Why the U.S. doesn’t have more hospital beds

https://www.axios.com/coronavrus-hospital-beds-shortage-63d0e1c3-de4b-4199-834c-477403cfaf06.html

Why the U.S. doesn't have enough hospital beds to deal with the ...

The shortage of hospital beds in the U.S. didn’t happen by accident. It’s a result of both market pressures and public policy.

Why it matters: The bed shortage is one of many factors complicating America’s response to the new coronavirus. But if we want to have more beds and critical equipment on hand for the next pandemic, the government will need to make it happen — and pay for it.

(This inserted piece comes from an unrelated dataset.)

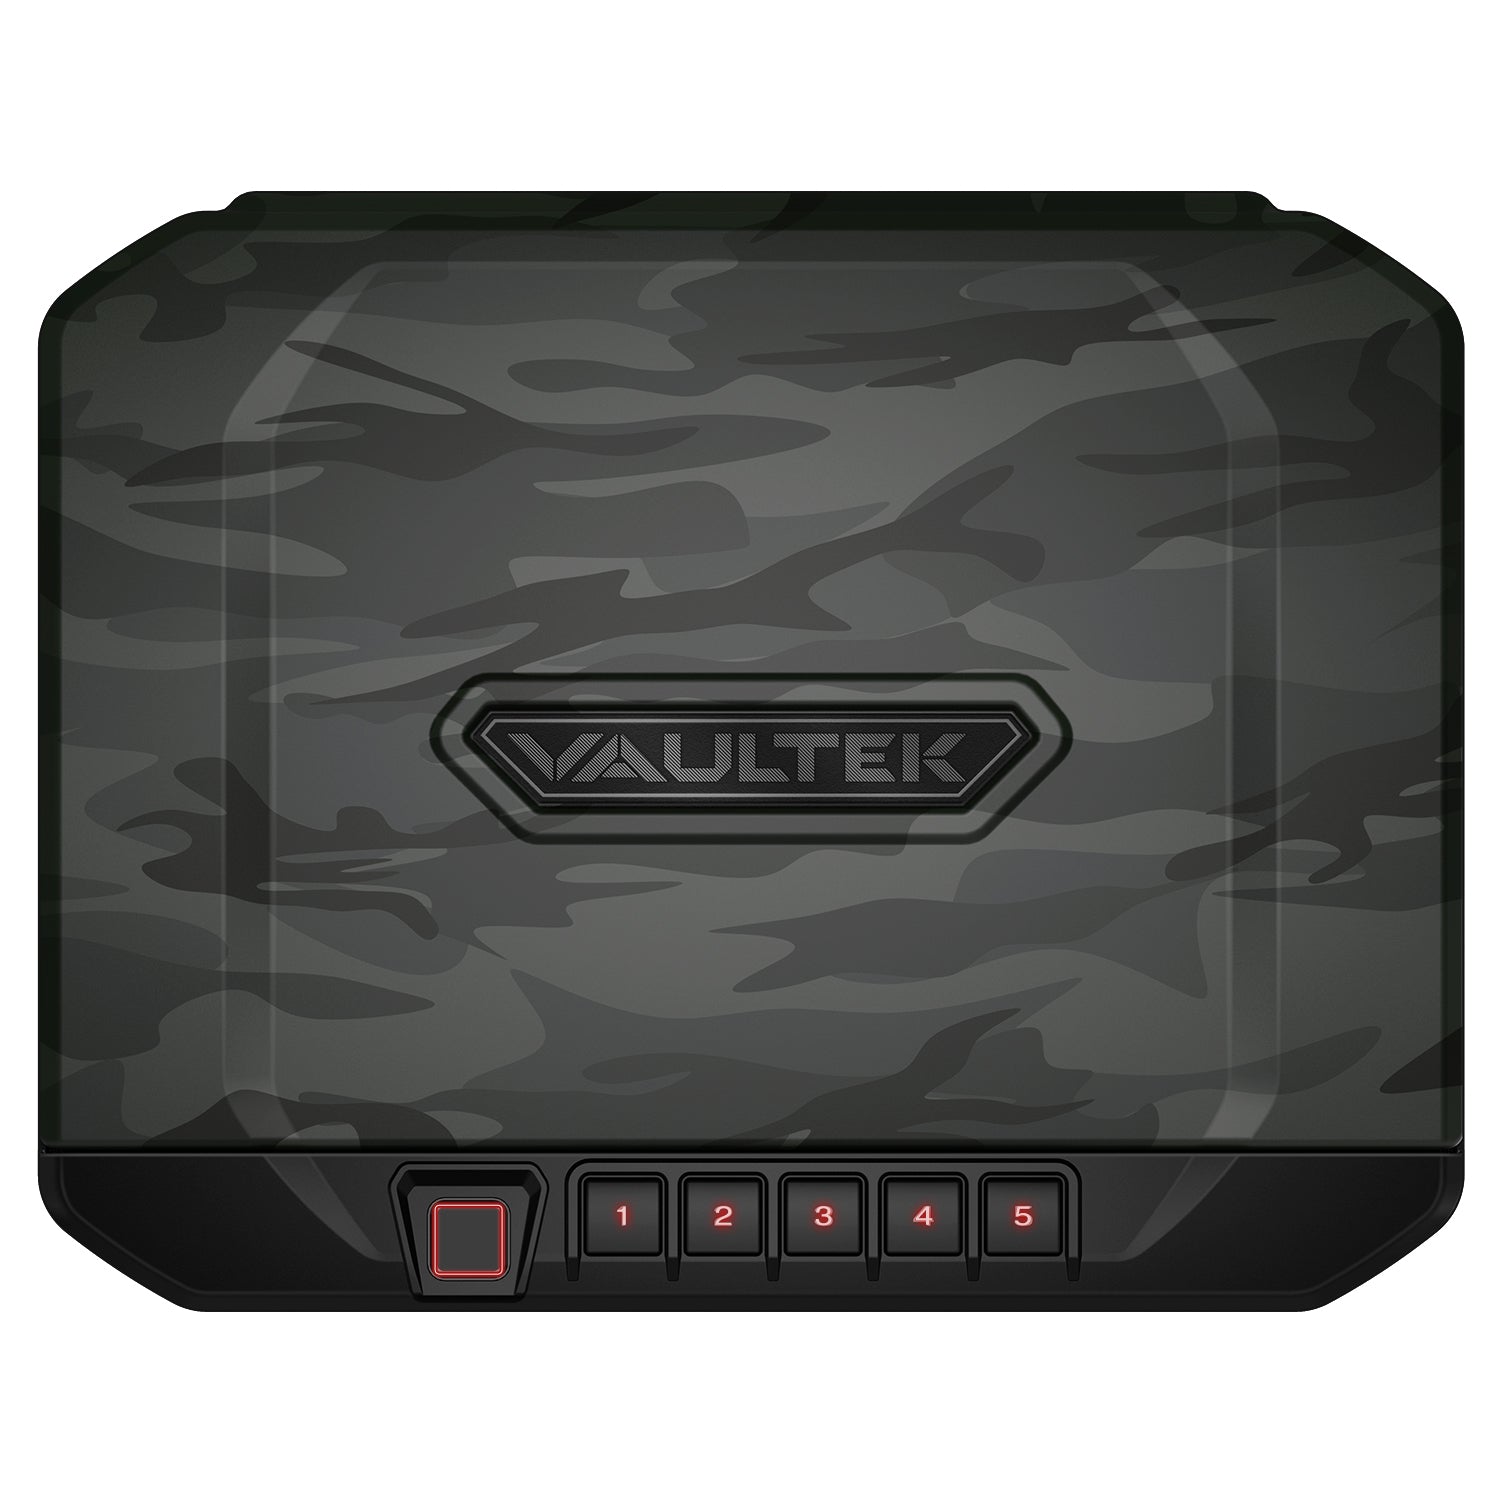 Vaultek - 20 series vs20i compact bluetooth and biometric gun safe - covert black - MODLOCK

By the numbers: The U.S. has 2.8 hospital beds per 1,000 people, far fewer than other developed countries.

How it happened: Health care resources, including hospital beds, are allocated mainly by market dynamics, not public-health blueprints.

  • Over the last 50 years, a great deal of care has shifted away from inpatient hospital settings and into outpatient services.
  • The motivation was to help control costs and improve the quality of care, while making it more convenient for patients.

Government also worked to directly cut the number of U.S. hospital beds, believing in a rule called Roemer’s Law, which said that “a hospital bed built would be a hospital bed filled,” driving up costs.

  • The push to reduce beds was embodied in a 1974 law that set up a health planning system in every state. A central objective was to get the U.S. below three hospital beds per 1,000 people, the level many think is now too low today.
  • And though it was repealed under President Ronald Reagan, the broader push to reduce capacity continued in many states.

The bottom line: If we want to have surge capacity of hospital beds and equipment in place for the next crisis, and if we don’t want to push health care costs higher, hospitals will need to acquire extra beds and then leave that surge capacity largely unused until the next crisis.

  • That means Congress would have to dictate that capacity by law, decide which hospitals to put it in, and fund it, while increasing the strategic stockpile of equipment like ventilators, masks and other protective equipment at the same time.